Step 2, recover an eigendecomposition

C := Eigenvectors(fld,M);;
D := C*M*C^(-1);;
IsDiagonalMat(D); # always true
IsDiagonalMat(C*TransposedMat(GaloisCyc(C,g))); # usually true
IsOne(C*TransposedMat(GaloisCyc(C,g))); # usually false, but that is ok?

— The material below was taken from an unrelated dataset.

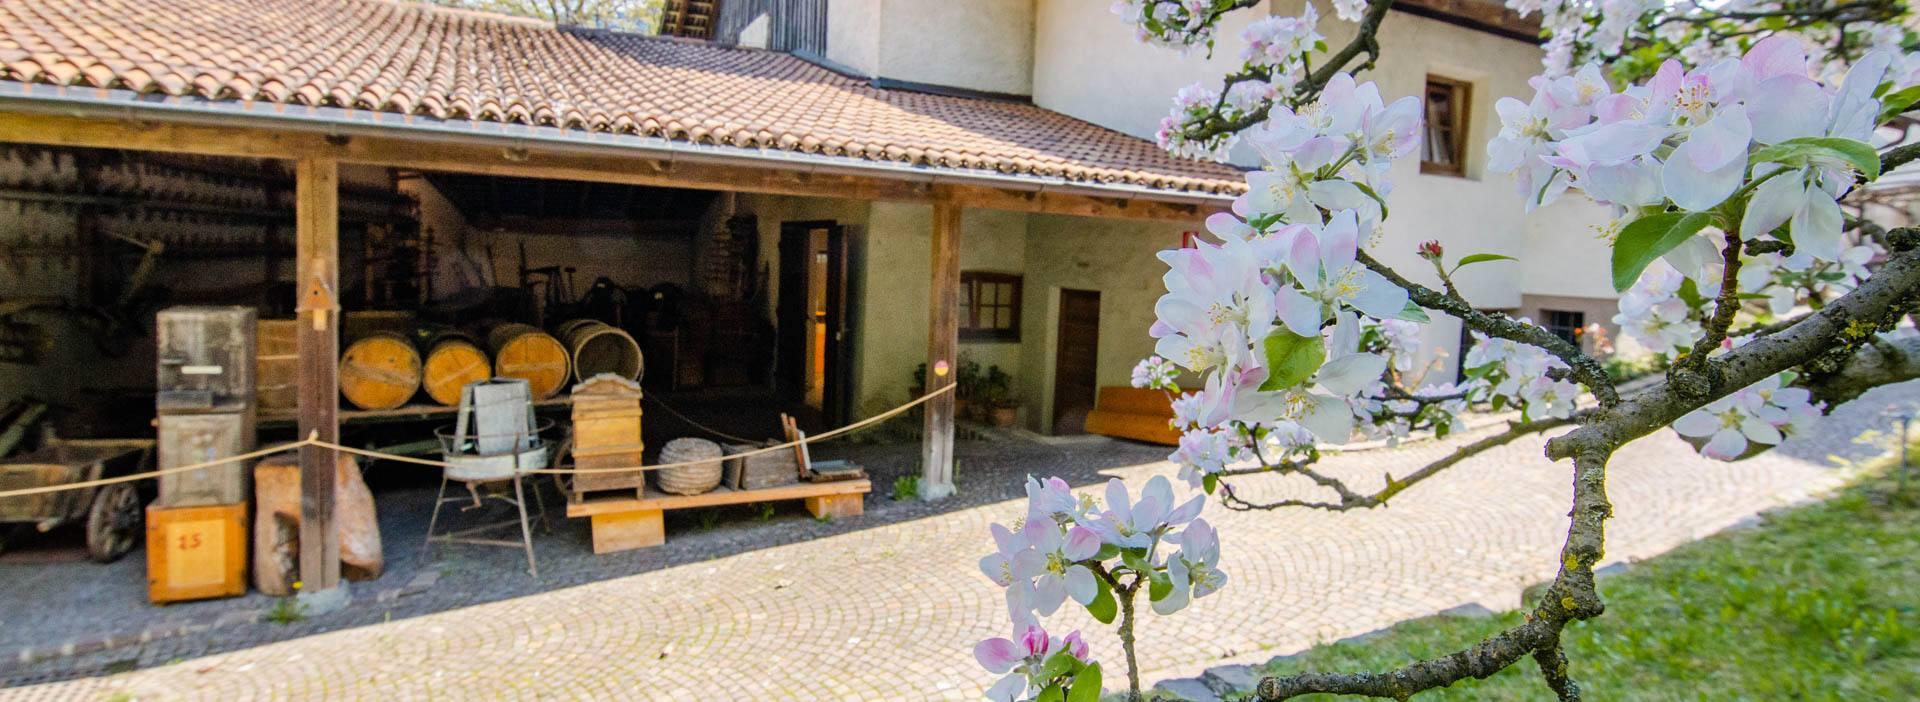 Museo della frutticoltura sudtirolese

Step 3, make C be orthogonal

If the eigenvalues are distinct, then the eigenvectors are uniquely determined up to a scalar multiple, so the only correction needed (and the only correction possible) is to rescale them. However, it is very inefficient to take exact square roots of arbitrary cyclotomic numbers. For example, in GAP it is about 32 times more expensive to divide by the norm of a vector $\vec v$ with $\vec v \cdot \vec v = 30$ than it is to divide by the norm of a vector with $\vec v \cdot \vec v$ a perfect (rational) square. However, it is very cheap to divide by $\vec v \cdot \vec v$, so usually instead of requiring $\vec v \cdot \vec v = 1$, we just update our formulas to divide by it as required.

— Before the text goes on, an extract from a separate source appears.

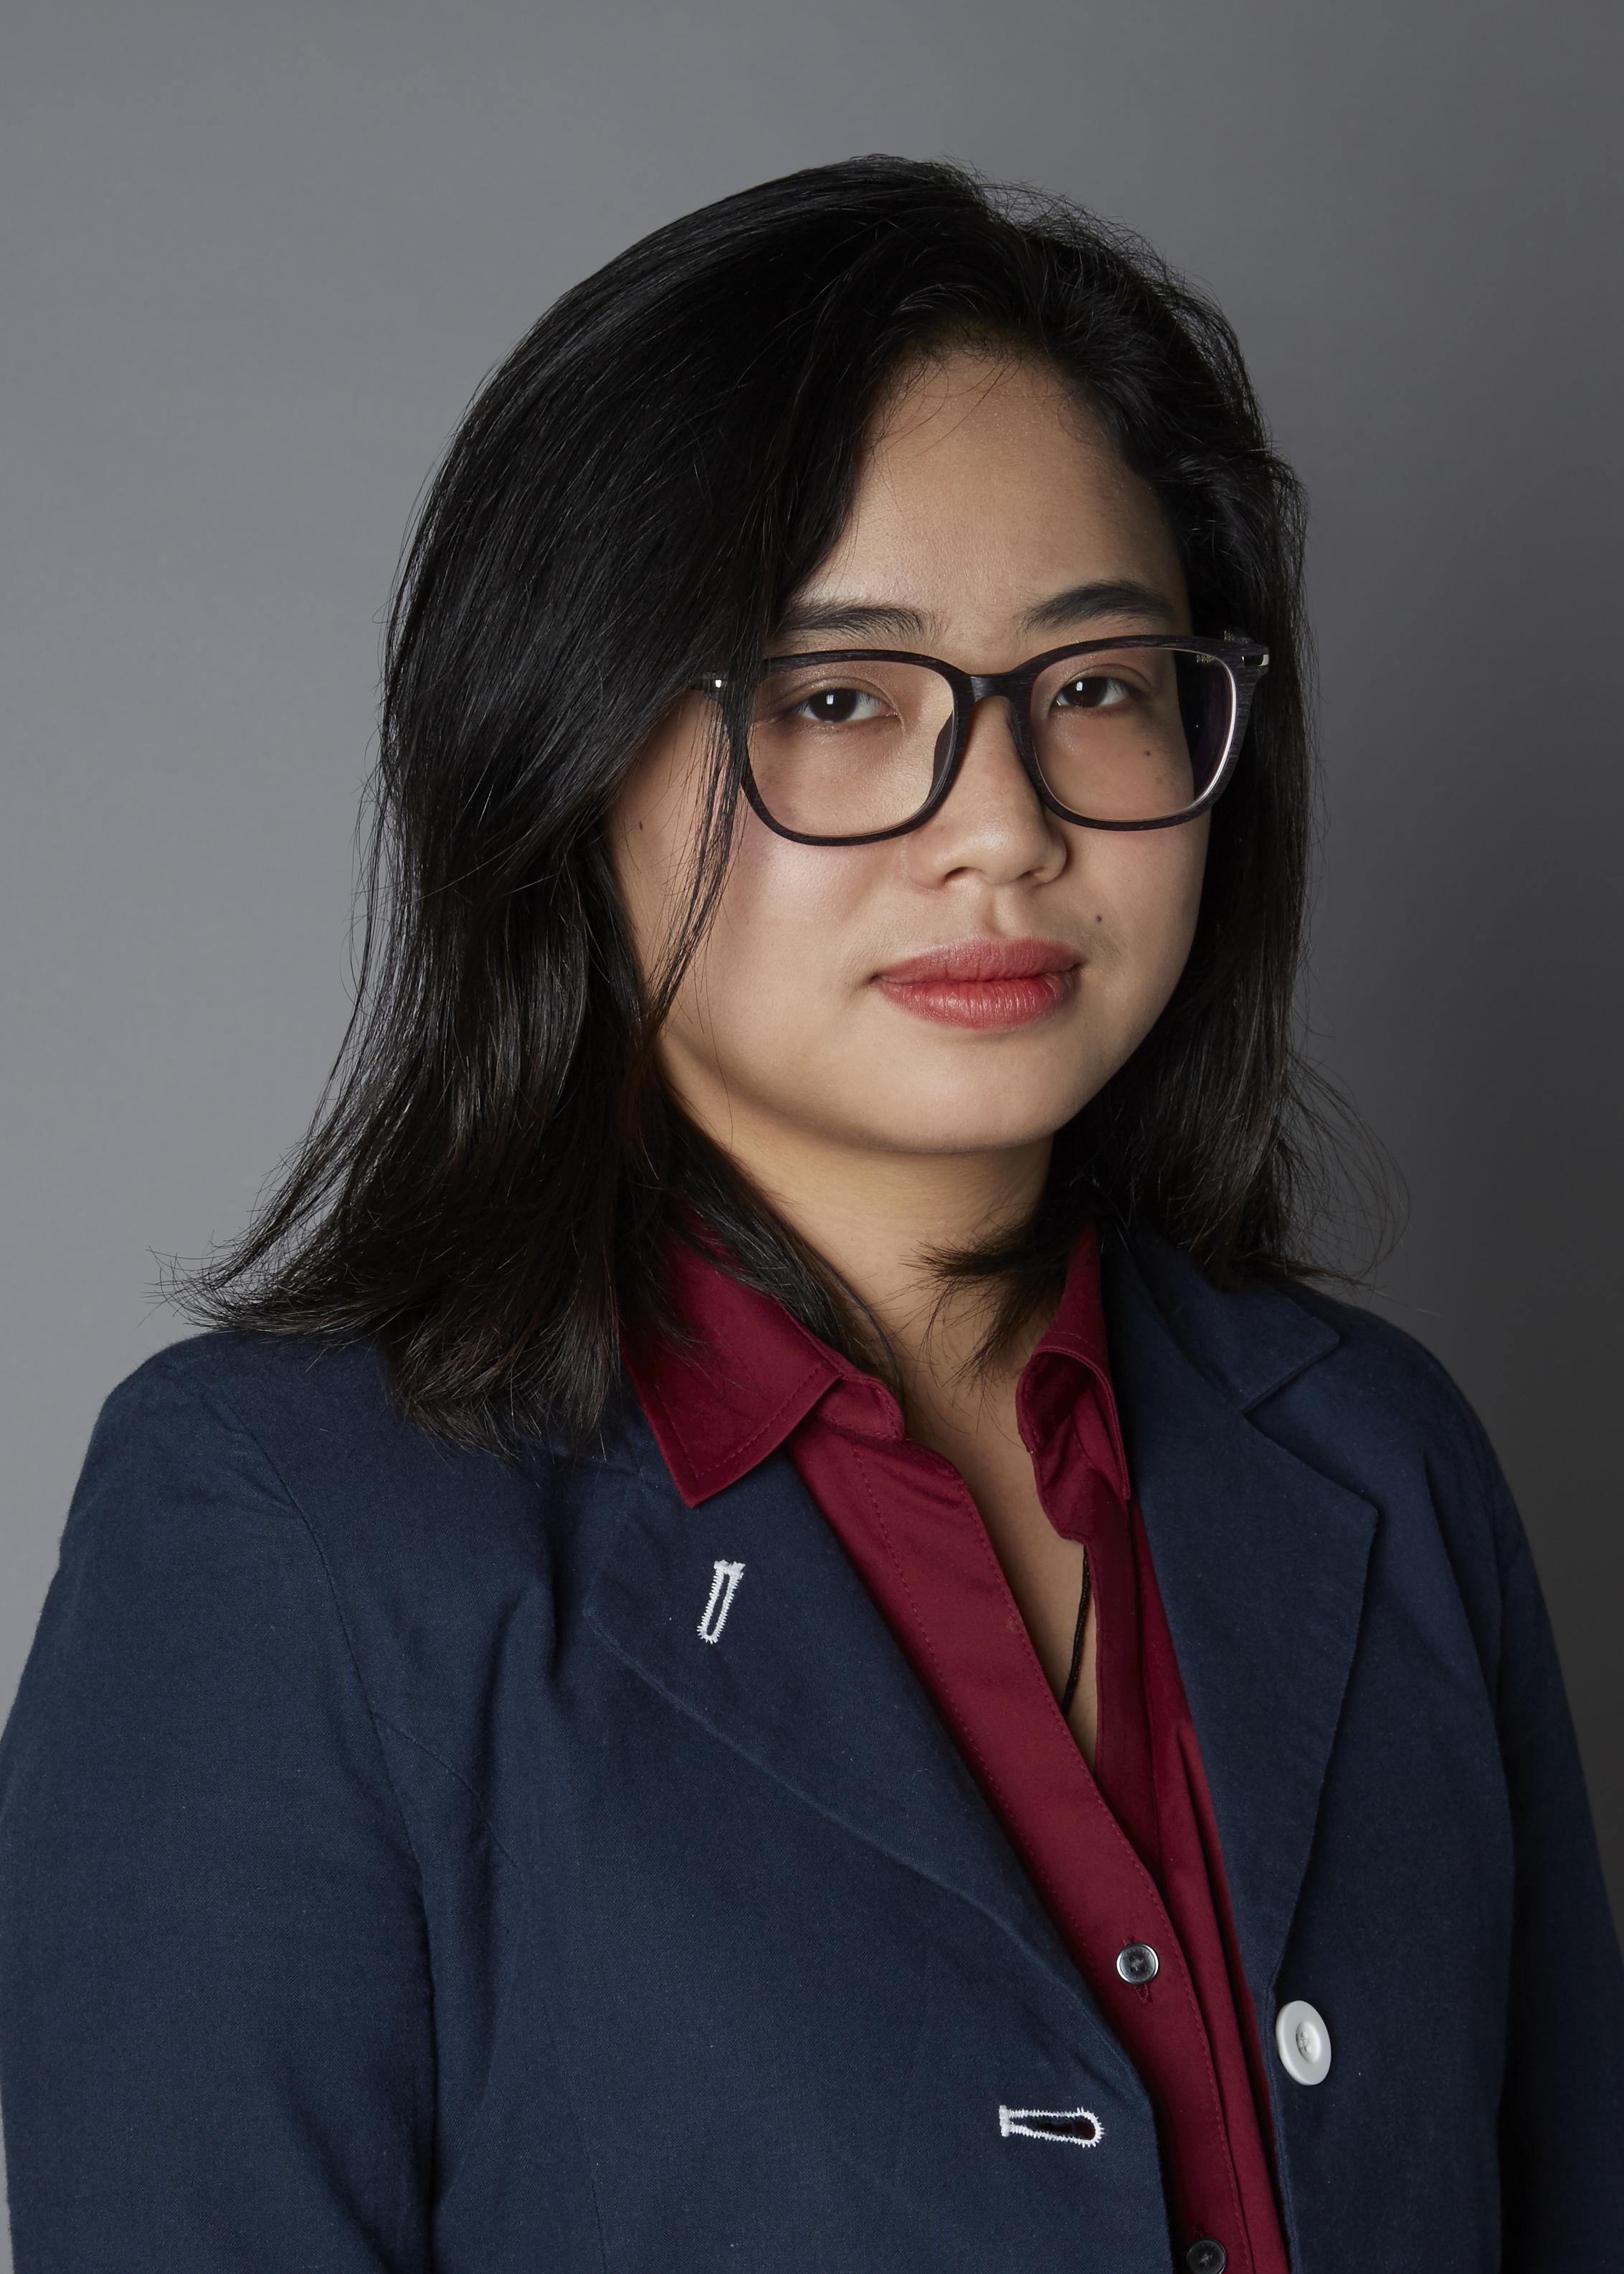 Headshot of Zhisang Chen

If the eigenvalues are not distinct, then you can apply a type of Gram-Schmidt orthogonalization just to the eigenvectors whose eigenvalues match. The only difference between the typical Gram-Schmidt is that you don't divide by the length. If you want the vectors to be "short" then you can use the built-in LLL, but if you only care about the rows being orthogonal, then you can just use the "root free" Gram-Schmidt.

Let me know if you want the code for Gram-Schmidt (zlattice.gi has it in a repeat loop, but it and my own version both assume you want a non-standard inner product, and so would need to be simplified for this answer).